Michael McClure, Present at Beat Poetry's Birth, Dies at 87

Source: New York Times

Michael McClure, Present at Beat Poetry’s Birth, Dies at 87

He took part in the storied San Francisco reading where Allen Ginsberg unveiled a version of “Howl.” He went on to have his own moments of fame and notoriety.

By Neil Genzlinger
May 6, 2020

Michael McClure, who at 22 helped usher in the Beat movement as part of a famed poetry reading at the Six Gallery in San Francisco, then went on to a long and varied career as a poet, playwright, novelist and lyricist, died on Monday at his home in Oakland, Calif. He was 87.

His wife, Amy Evans McClure, said the cause was complications of a stroke he had last year.

Mr. McClure was one of the poetry readers at the Six Gallery, a former auto repair shop that had been turned into an art gallery, on Oct. 7, 1955, a date that Beatdom magazine, marking the 60th anniversary of the event, called “arguably one of the most important dates in American literature.”

To an audience of perhaps 150 people (the number varies in the tellings), Mr.

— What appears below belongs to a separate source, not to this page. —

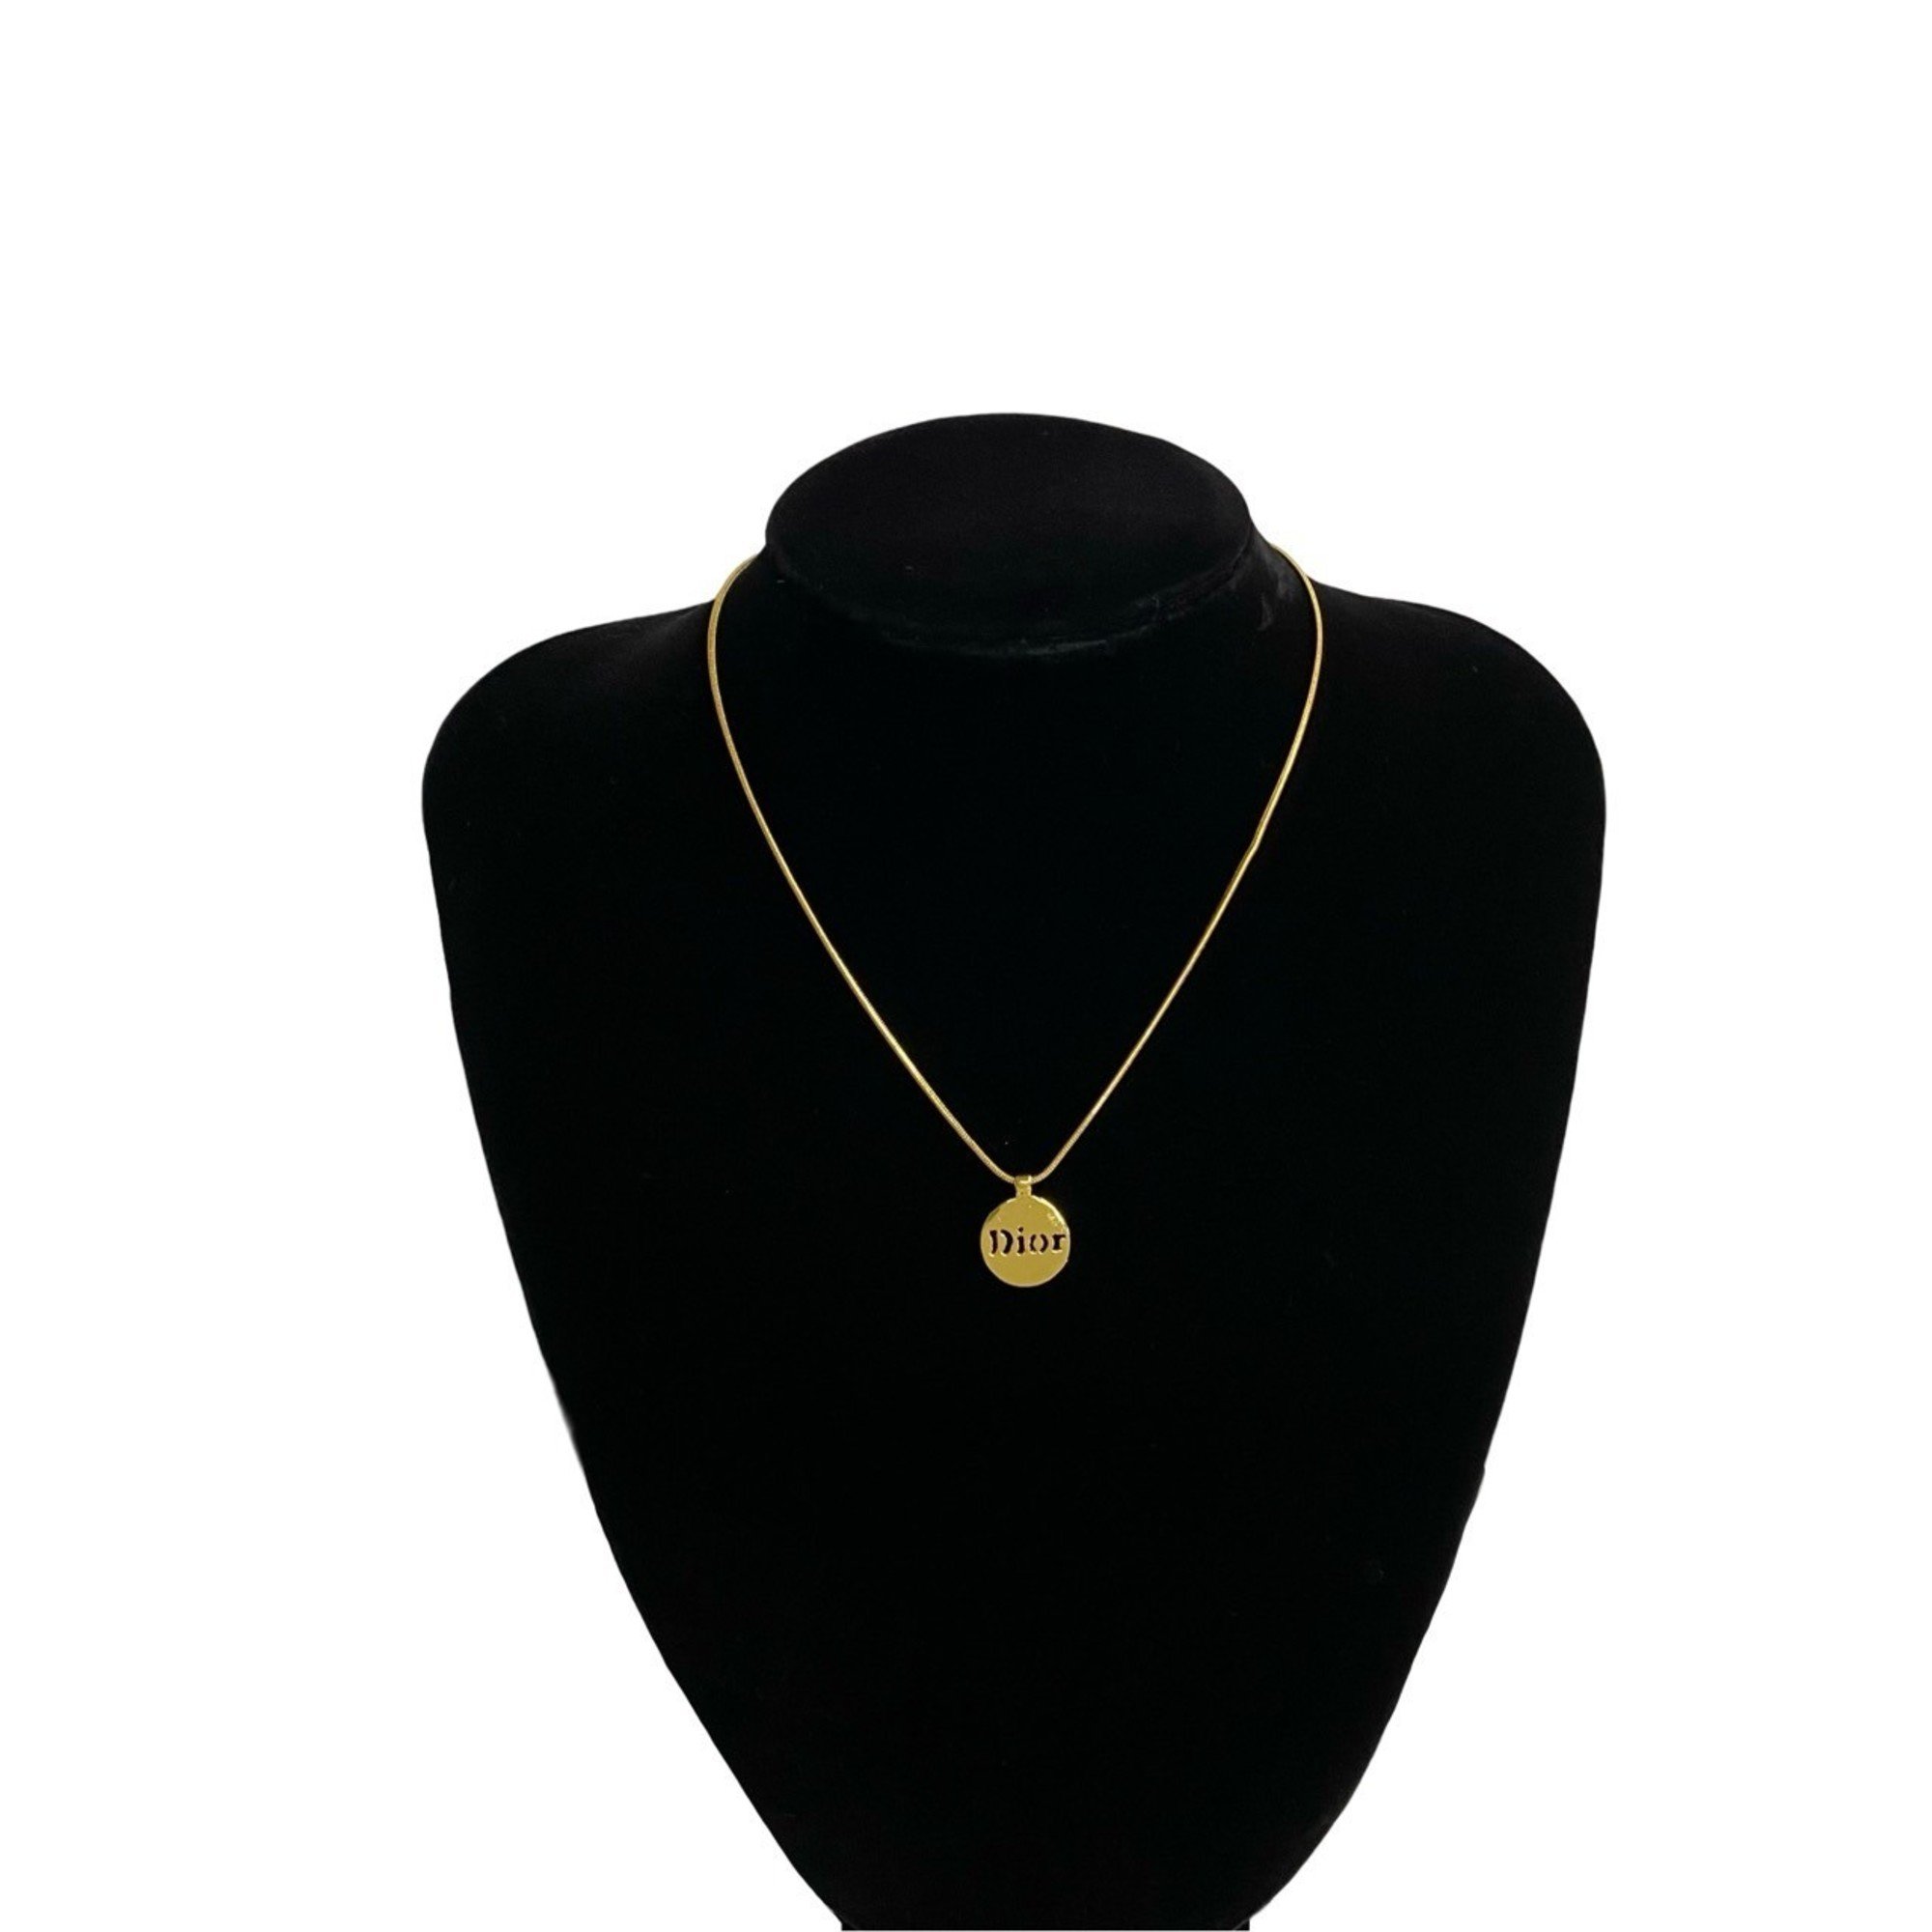 Christian Dior Motif Plate Chain Necklace Pendant Gold Women Men 19650

McClure read a poem called “For the Death of 100 Whales,” said to have been inspired by a report that bored American soldiers stationed in Iceland had amused themselves by shooting a pod of whales. But he and the other readers — Philip Lamantia, Gary Snyder and Philip Whalen, with Kenneth Rexroth as M.C. — were overshadowed by the sixth man on the bill, Allen Ginsberg.

That night Mr. Ginsberg premiered an early version of “Howl,” the landmark poem (“I saw the best minds of my generation destroyed by madness”) that became the defining work of the Beat generation.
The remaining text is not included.